Cleo is both a member of the family but also an outsider. While the family loves her, she is never quite seen as one of them. Although she is taken to see the family’s doctor and accompanies them on a New Year’s Eve trip to an hacienda, she does not join the family at the table for meals and is responsible for watching and even rescuing the children when necessary.
Cleo’s life extends beyond her daily work and Cuaron depicts Cleo as a multifaceted character, showing her personal world with its own obstacles. Housekeepers and maids like Cleo are often silenced in films, problematically portrayed as meek, quiet types who are characterized through the lens of their employers. Cuaron takes a fresh approach in “Roma,” making Cleo an active character and giving a spotlight to female domestic workers who are otherwise invisible in films.
Cleo must balance tending to the needs of the children with her own pregnancy and personal hardships, as Sofia takes out the troubles of her marriage on the children and Cleo. The film often explores the parallels between the two women. Despite their economic differences, they both have been wronged by men and experience the isolation and abandonment that comes with living independently.
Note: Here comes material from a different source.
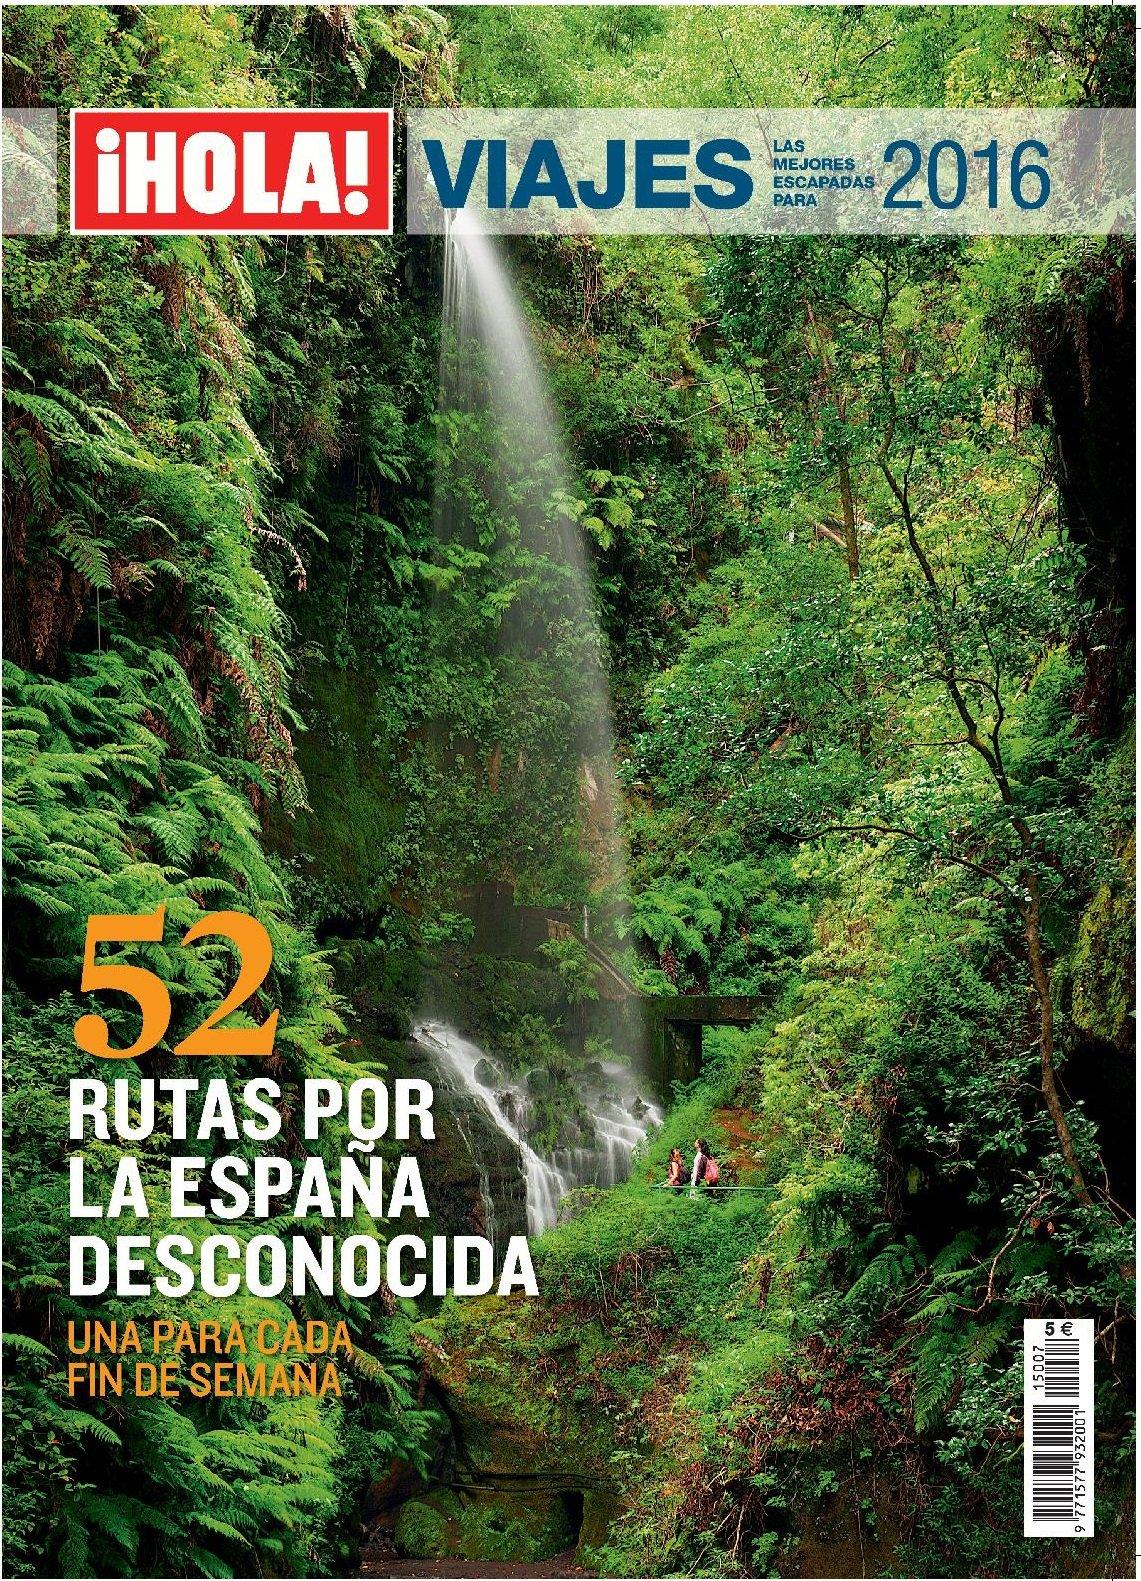 Hola! Viajes por España. 52 rutas por la España desconocida, una para fin de semana: Amazon.es: Grupo Hola, Grupo Hola: Libros
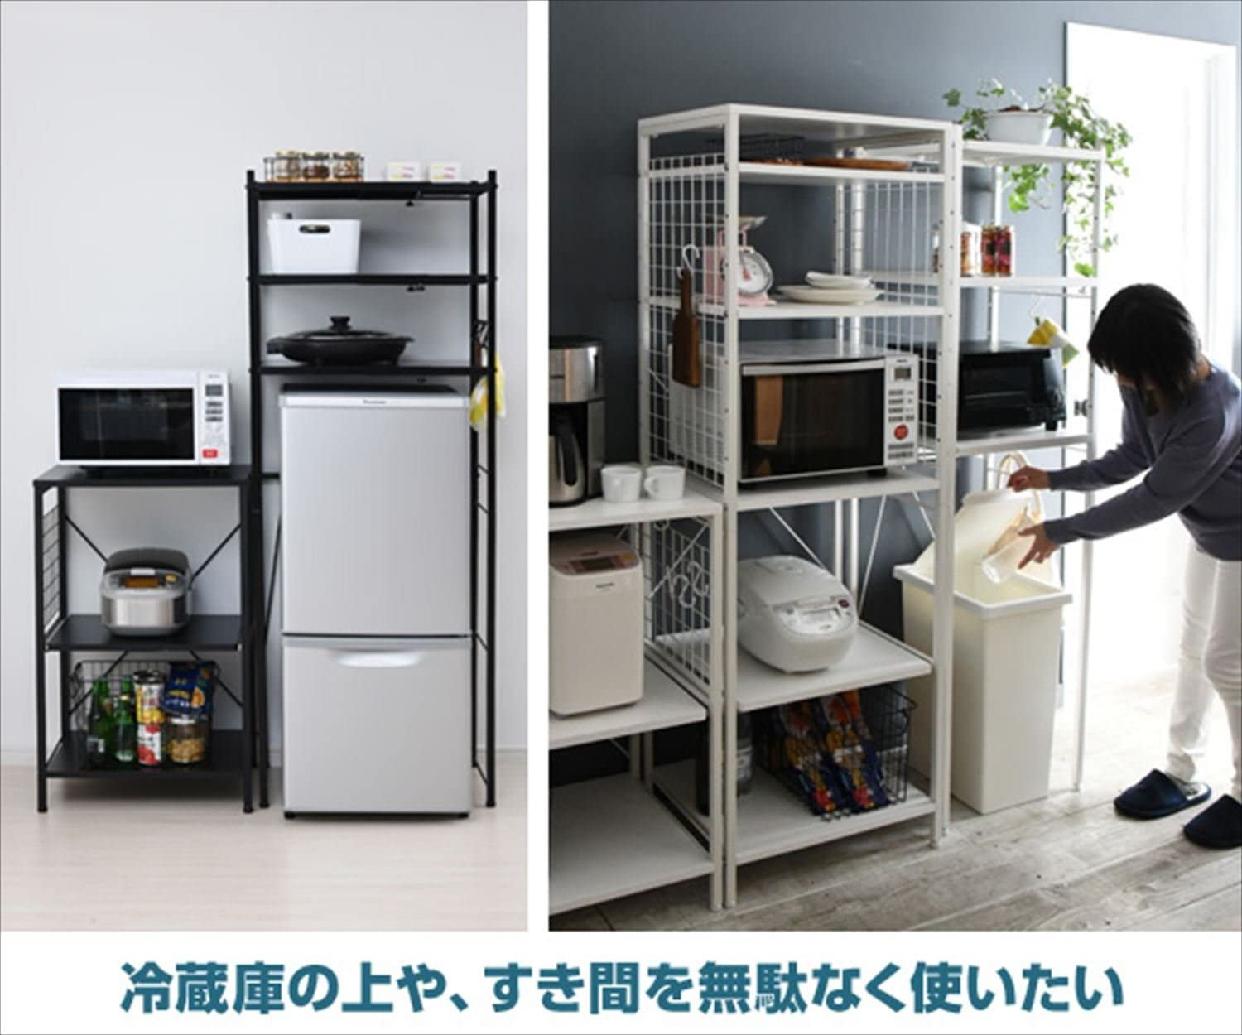 YAMAZEN(ヤマゼン)すっきりキッチンラック 伸縮タイプ/RPE-3 幅50-79.5cmの商品画像14

“No matter what they tell you, we women are always alone,” a drunk and distraught Sofía warns Cleo after haphazardly parking and almost crashing the family car.
The majority of the scenes are shot from afar, with wide moving shots and long takes that manage to replicate Cuaron’s childhood home and create an effect as if the viewers are looking in. While there are detailed close-ups of puddles on the ground and Cleo’s hands washing dishes and cleaning up dog poop, there are rarely any close-ups of the characters’ faces.
Cuaron does not glorify servitude in “Roma.” He shows the realities of inequality in Mexico and the class hierarchies that separate employers from employees, despite living together. The film includes subtitles for Mexican Spanish as well as Mixteco, which are bracketed, another way of giving voice to indigenous women who are otherwise silenced.
Cuaron manages to recreate his childhood experiences in the neighborhood where he was raised, showcasing through Cleo the hard yet important roles of housemaids in children’s upbringings. In the film’s cover scene, when the family envelopes Cleo with their hugs, it becomes apparent that Cleo truly is an integral part of the family who has helped bring them stability.